Calculate the net electric flux?
An imaginary spherical surface of radius 5.00 cm is centered on the point x = 0, y = 0, z = 0. Calculate the net electric flux through the surface if a point charge q1 = +3.00 nC is located at x = 1.00 cm, y = 1.00 cm, z = 0.
Calculate the net electric flux through the surface if the following charges are present: the charge in part J plus a point charge q2 = -8.00 nC at x = 2.00 cm, y = 0, z = -4.00 cm.
Calculate the net electric flux through the surface if the following charges are present: the charges in part K plus a point charge q3 = +2.00 nC at x = 4.00 cm, y = -2.00 cm, z = 3.00 cm.
- nyphdinmdLv 72 months agoFavorite Answer
Gauss' Law tells you that the net flux is proportional to the net charge enclosed by a surface. Let's apply this idea.

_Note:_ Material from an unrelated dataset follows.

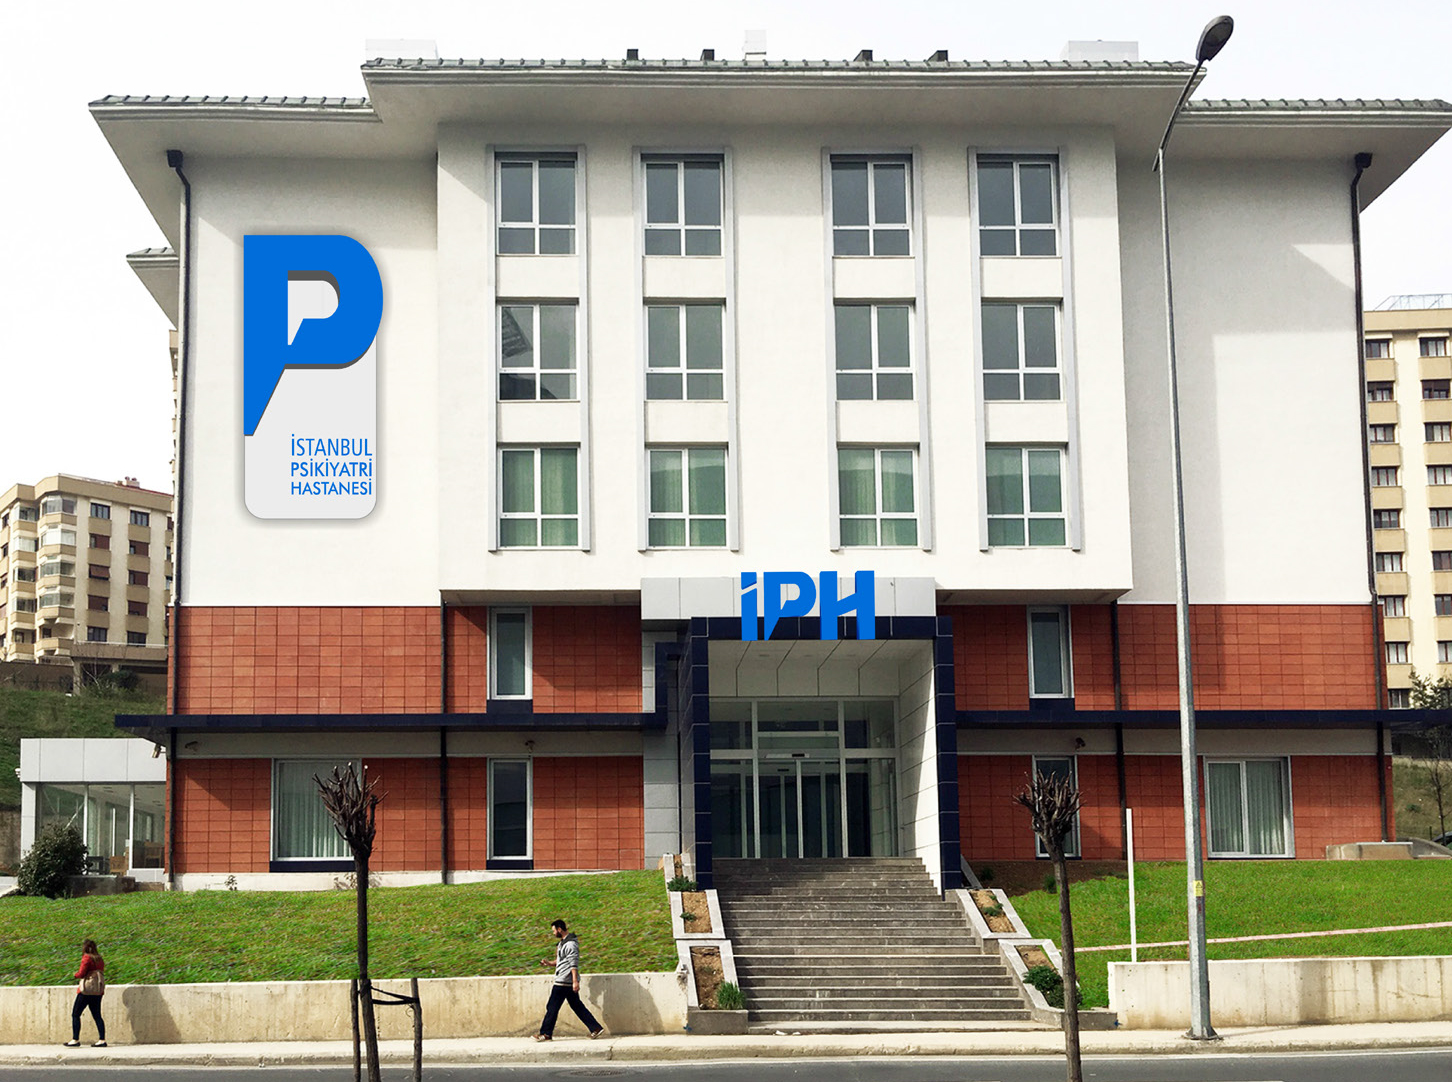 istanbul_psikiyatri_hastanesi

Part J: the radial position of the charge is r = sqrt(1^2 +1^2) = sqrt(2) = 1.41 cm
Therefore the charge is contained in the sphere and by Gauss's Law
EA = q/e0 ---> A = 4*pi*R^2 where R = 5 cm = 0.05 cm thus
E = q/(4*pi*e0*R^2) = kq/R^2 where k = 9x10^9 N-m^2/C^2 so
E = 9x10^9*3*10^-9/(0,05)^2 = 1200 N/C
Part K q2 has a radial position of r1 = sqrt(2^2 +(-4)^2) = sqrt(16+4) = sqrt(20) = 4.47 cm
since r2 < R, net charge is q1 + q2 = -5nC. Thus, E can be computed simply by taking the last result and multiplying by -5/3:
E_new = E (-5/3) = -2000 N/C
Part L: Now add in in q3 at radial position r3 = sqrt(4^2 +(-2)^2) = 4.47cm < R so net charge is
qn = q1 + q2 + q3 = -3nC --> this just gives E = -1200N/C since qn = -q1
- Andrew SmithLv 72 months ago
The flux is enclosed charge/epsilon 0 in J the enclosed charge is 3.0nC, in K it is -5 nC in L the final charge is outside the sphere so it does not contribute.